On the Prospects of Equation Discovery and Symbolic Regression 

<strong>Figure 1.</strong> A section of “Man, Controller of the Universe” by Diego Rivera. Powered by the scientific conquest of the celestial and micro-biological scales, a worker steers the fate of humanity with an enormous machine. Figure courtesy of <a href="https://en.wikipedia.org/wiki/File:Mural._El_hombre_en_el_cruce_de_caminos._Diego_rivera_(1934).JPG" target="_blank"> AAP86/Wikimedia Commons</a> and shared via the <a href="https://creativecommons.org/licenses/by-sa/3.0/deed.en" target="_blank"> Creative Commons Attribution-ShareAlike 3.0 Unported license</a>.
Figure 1. A section of “Man, Controller of the Universe” by Diego Rivera. Powered by the scientific conquest of the celestial and micro-biological scales, a worker steers the fate of humanity with an enormous machine. Figure courtesy of AAP86/Wikimedia Commons and shared via the Creative Commons Attribution-ShareAlike 3.0 Unported license.

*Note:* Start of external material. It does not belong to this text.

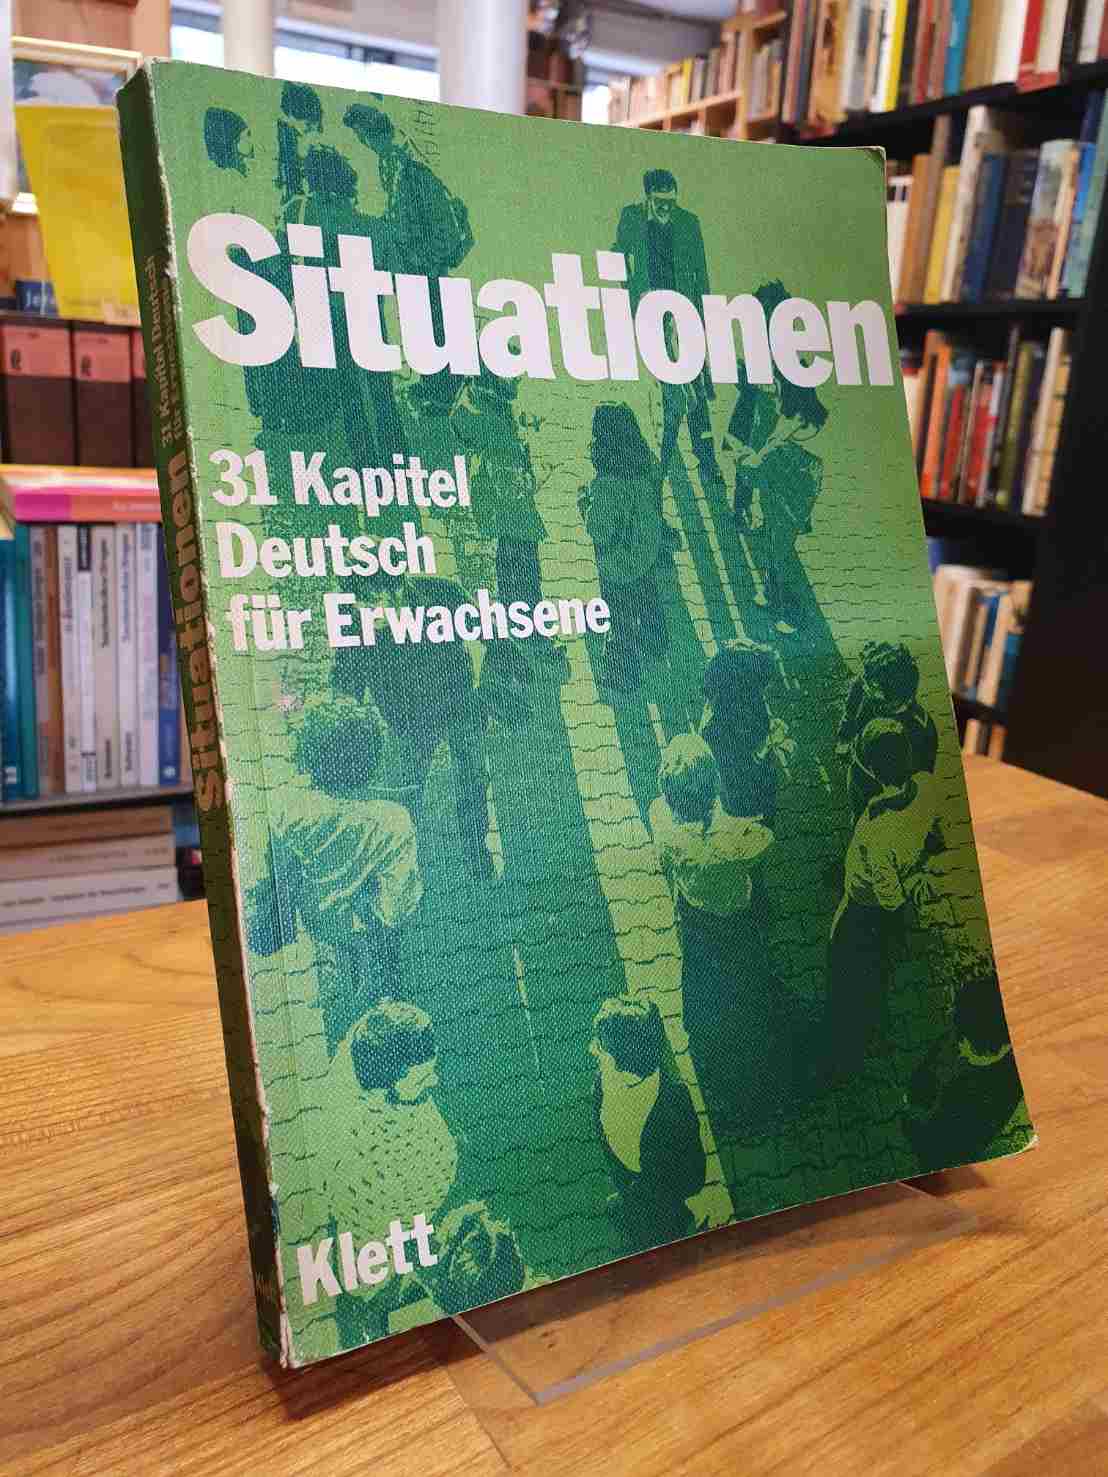 Klett, 31 Kapitel Deutsch für Erwachsene – Situationen –

In his 1933 lecture “On the Method of Theoretical Physics,” Albert Einstein offered insight into empiricism and “pure thought” in apprehending nature through physical laws. He began his discussion with a warning: “if you wish to learn from the theoretical physicist anything about the methods which he uses, I would give you the following piece of advice: don’t listen to his words, examine his achievements” [4]. He emphasized that experience “cannot possibly be the source” of fundamental concepts. Einstein did not rely on existing measurements of the velocities of Brownian particles in devising his statistical theory of this phenomenon, and he used elaborate thought experiments involving chasing beams of light to develop the special theory of relativity [16]. Far from being derived from the data, general relativity received its first experimental confirmation with Eddington's 1919 measurement of light deflecting around the sun, three years after the theory's introduction. As Einstein’s epochal scientific creativity shows, scientific discovery is a nebulous affair. On this topic, Karl Popper insists that devising a theory “seems to me neither to call for logical analysis nor to be susceptible of it,” later expressing that how scientists generate a theory “is irrelevant to the logical analysis of scientific knowledge” [11]. 

In recent years, a new voice has emerged in discussions of scientific discovery. Out of the burgeoning field of scientific machine learning, researchers that specialize in “equation discovery” and “symbolic regression” suggest an ambitious new scientific epistemology: in the age of big data, the painstaking process of manually fitting algebraic and differential equations to measurements—a process which has supposedly characterized the tedious science of yesterday—can be offloaded to machines. This is not Chris Anderson’s “End of Theory” [1], which, in its reliance on black-box models based on deep neural networks, spells the end of scientific understanding as we know it. Rather, it presents an engine of “interpretable” scientific discovery, which charts a course between Andersonian excesses and the darkness of science’s past. For example, mathematician and symbolic regression researcher Miles Cranmer claims that in our era of artificial intelligence (AI), the “next great scientific theory is hiding inside a neural network,” meaning that he expects symbolic regression strategies to discover new laws of nature [3]. Similarly, in their extension of a foundational equation discovery framework to partial differential equations (PDEs), Samuel H. Rudy and his collaborators argue that their method will address the “many complex systems that have eluded quantitative analytic descriptions or even characterization of a suitable choice of variables (e.g., neuroscience, power grid, epidemiology, finance, ecology, etc.)” [13]. Now, having developed ingenious techniques to find the parsimonious ordinary differential equations (ODEs) and PDEs to describe diverse physical systems, is an age of scientific abundance upon us? After all, these methods have been used to rediscover fundamental laws of nature [10]. This is the kind of optimism one encounters in the literature, though the achievement of new laws of nature has yet to surface. What can we realistically expect to discover with these methods? 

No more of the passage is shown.